Il Vangelo di oggi prende le mosse dalla domanda che i discepoli rivolgono a Gesù: “Chi dunque è più grande nel regno dei cieli?” (Matteo 18,1). Una domanda che probabilmente i primi discepoli già si erano fatto fin dall’inizio della loro chiamata e che – purtroppo – nella storia dell’umanità e anche della Chiesa, non si finisce mai di porsi, almeno nella prima parte. È la domanda della competizione, dove qualcuno deve essere più grande di un altro, meglio dell’altro. Ma la competizione è ciò che ci avvelena la vita. Se ci pensiamo, tante delle nostre fatiche nella vita di ogni giorno nascono dal fatto che non siamo capaci di vivere se non in una logica di competizione. Questa capita a noi adulti ma anche a voi ragazzi, a scuola, nel gioco, nel gruppo di amici e nello sport, incapaci di vivere da fratelli.

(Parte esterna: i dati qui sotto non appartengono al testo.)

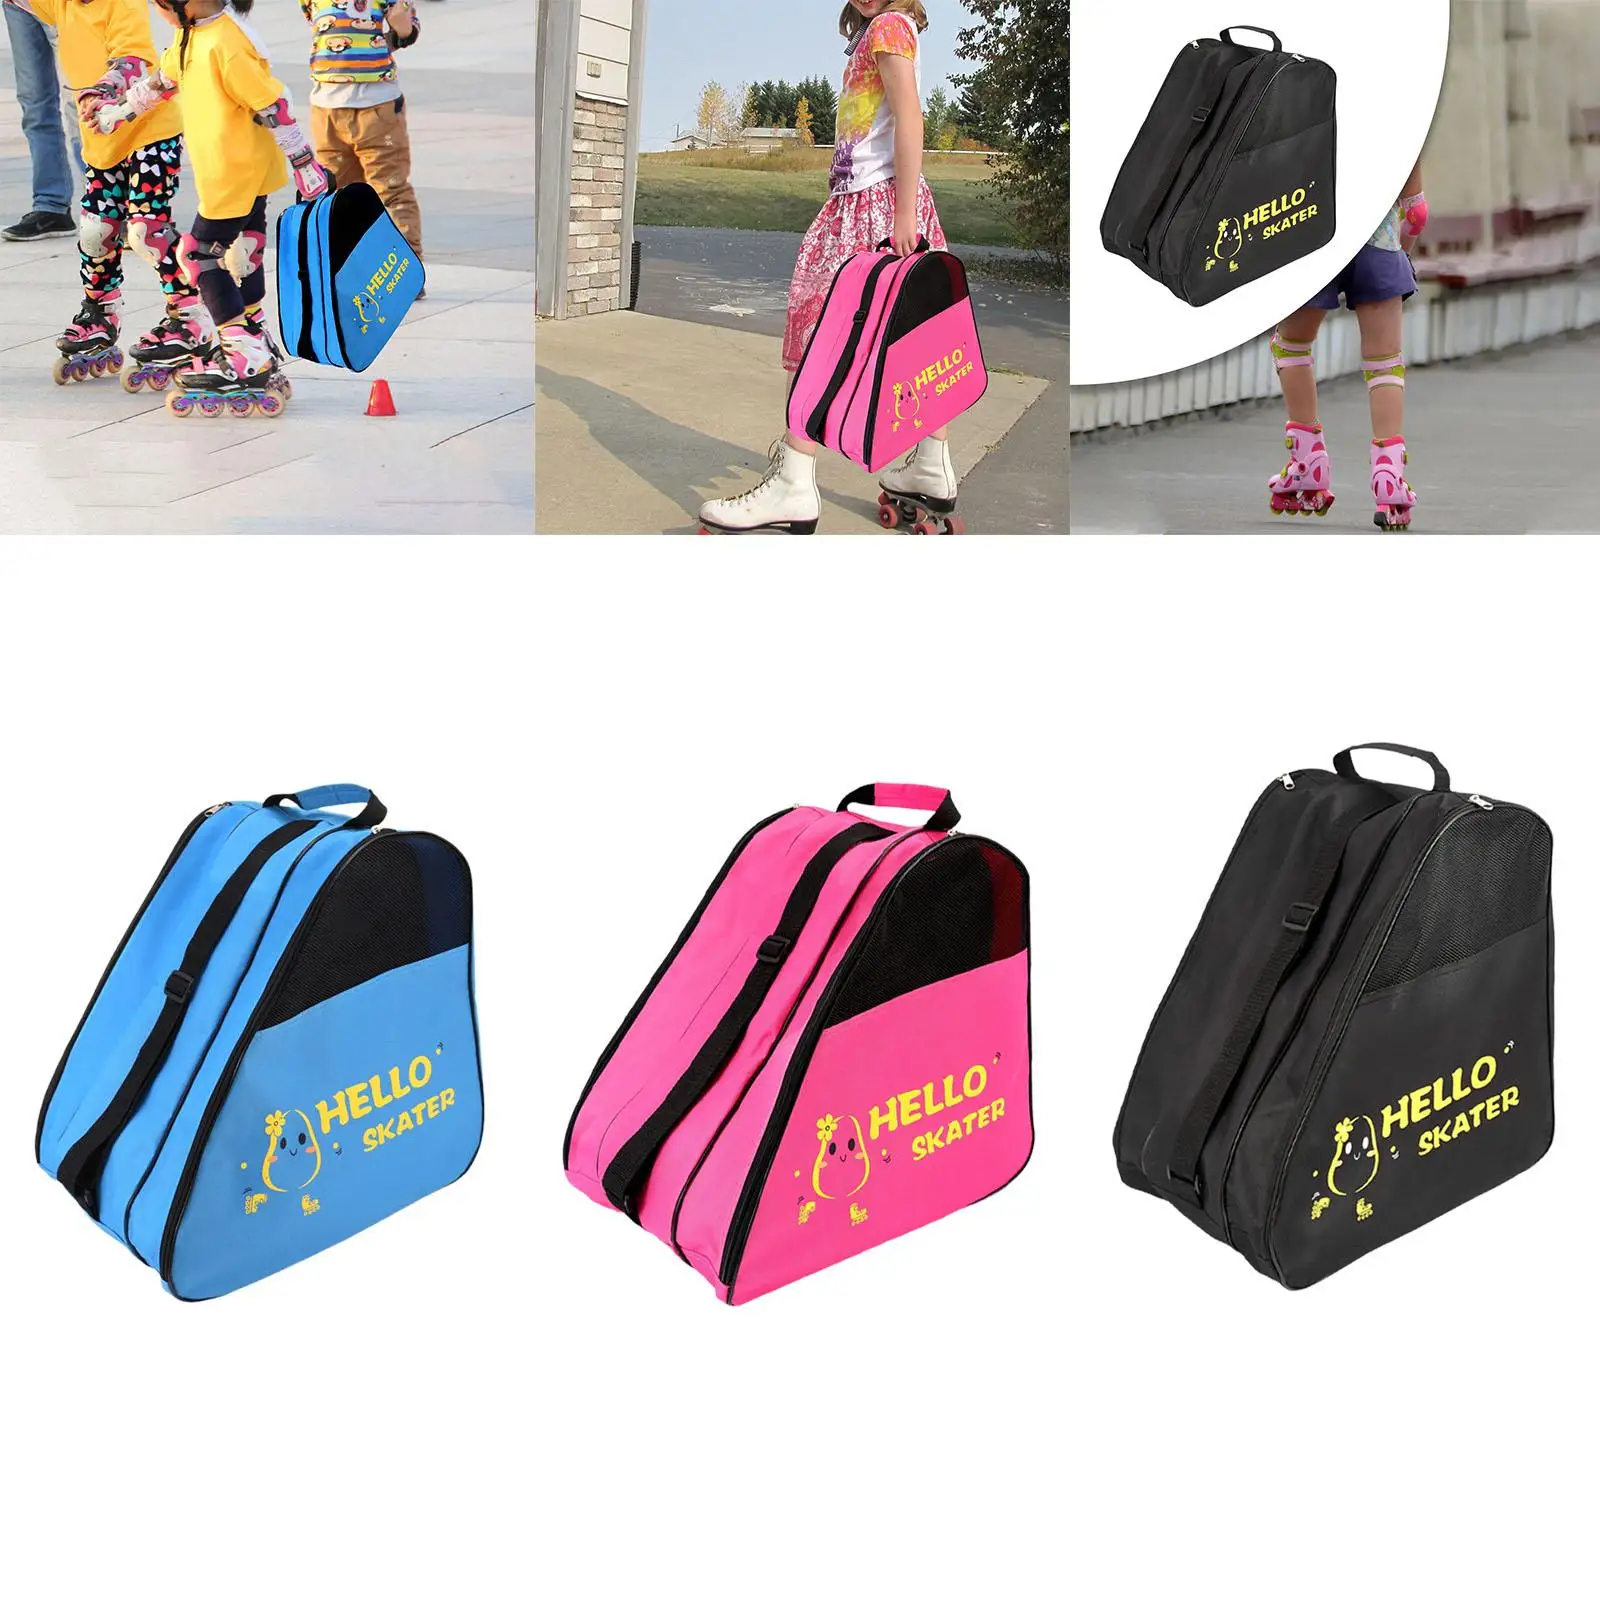 Roller Skates Storage Bag Carrier Bag for Outdoor Kids Figure Skating Shoes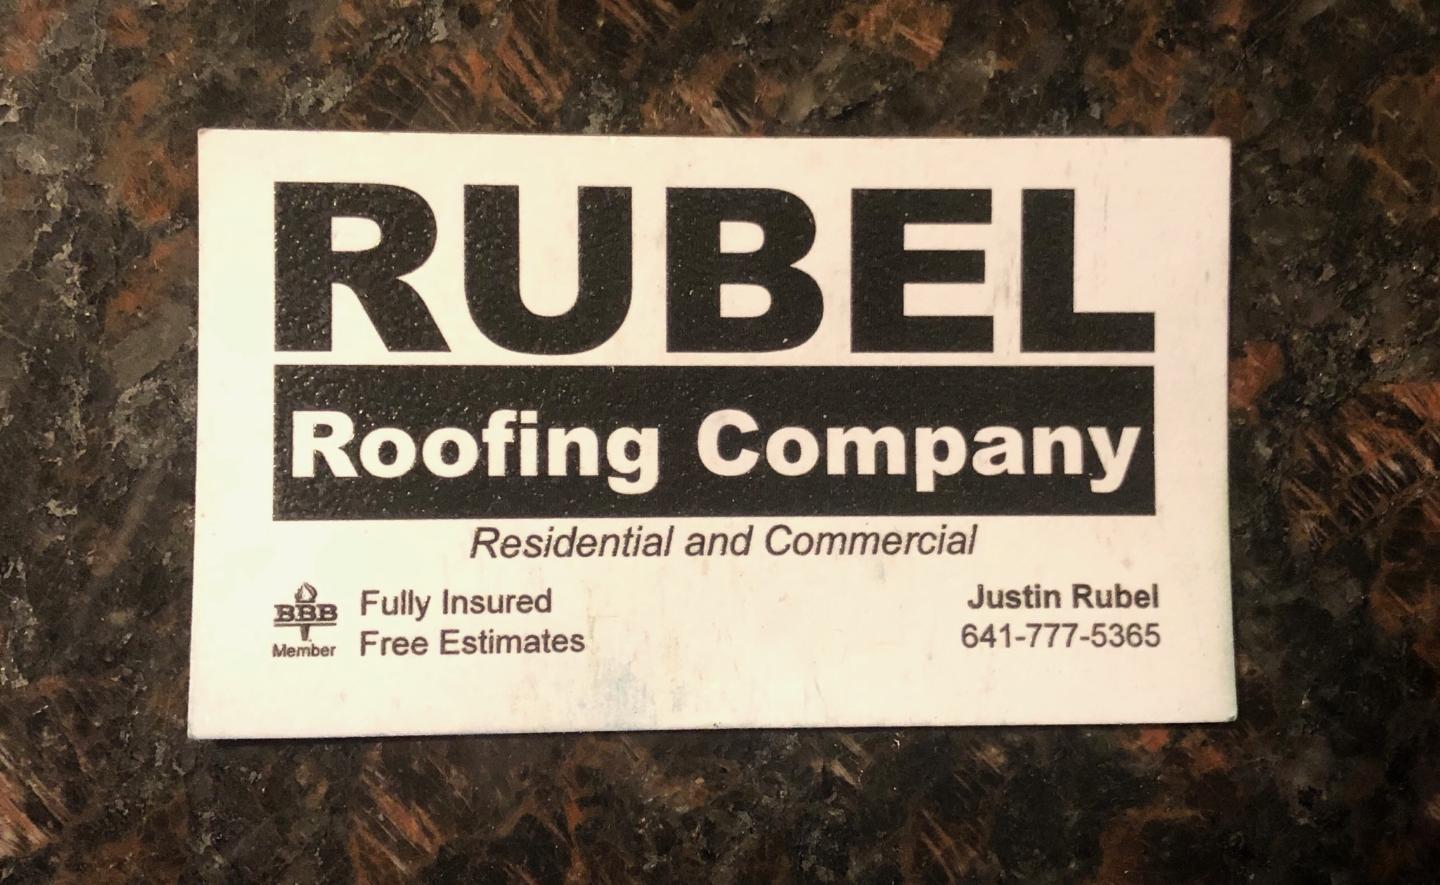 Rubel Roofing Company 302 17th Ave W, Albia Iowa 52531

Gesù prende le mosse da questa domanda per dirci anche qual è il modo per vivere e stare bene, per essere felici, indicandoci la via antitetica a quella della competizione. Come si deve vivere? Si deve vivere come un bambino e ci si deve convertire per essere come un bambino. Il bambino, il piccolo, è l’immagine di colui che si abbandona con fiducia, che non ha sospetto, che non ha paura, che sa che la vita è nelle mani di qualcun altro. Carissimi ragazzi, facciamoci senza paura questa domanda: “Che cos’è che ci impedisce di vivere da fratelli?”. Il fatto di non sentirci come dei bambini abbandonati con fiducia nelle mani di Dio. Ma poi Gesù va oltre: questa via della piccolezza è la via che fa sì che si diventi come un bambino, facendosi piccoli e diventando così, e soltanto così e in questo senso, il più grande. È quella via che ci permette di mettere al primo posto davvero coloro che nel mondo sono trattati da ultimi, ma è quella via anche che ci permette di collocarci noi all’ultimo posto, per farci i servi di tutti. E infine Gesù dice anche che ciò che contrasta la logica della competizione è accogliere qualunque bambino, qualunque piccolo nel suo nome. È la via della cura per i bisogni dei più poveri, di chi ha la necessità dello sguardo dell’amicizia e del bene dell’altro per poter continuare a sentirsi vivo.
Mi sembra molto bello leggere questa pagina del Vangelo nel giorno della festa di San Giovanni Bosco, perché in qualche modo, nella sua vita ha incarnato questa pagina, testimoniando la bellezza, la lucentezza della molteplice via della piccolezza. San Giovanni Bosco è stato un uomo e un cristiano che si è affidato totalmente nelle mani di Dio. Tutti noi certamente conosciamo diversi particolari della sua vita, della sua esistenza. Sappiamo bene come, persino nei momenti di maggiore sconforto, non ha mancato di sapere che la Provvidenza di Dio c’era e non lo ha abbandonato. Lui è il testimone di questa molteplice via della piccolezza perché si è fatto servo di altri, soprattutto dei più piccoli, generando una comunità che esiste per servire i più piccoli, i più giovani. È testimone di questa via perché ha avuto occhi capaci di curare i bisogni dei più esclusi e poveri del suo tempo e di non trascurare ciò essi desideravano.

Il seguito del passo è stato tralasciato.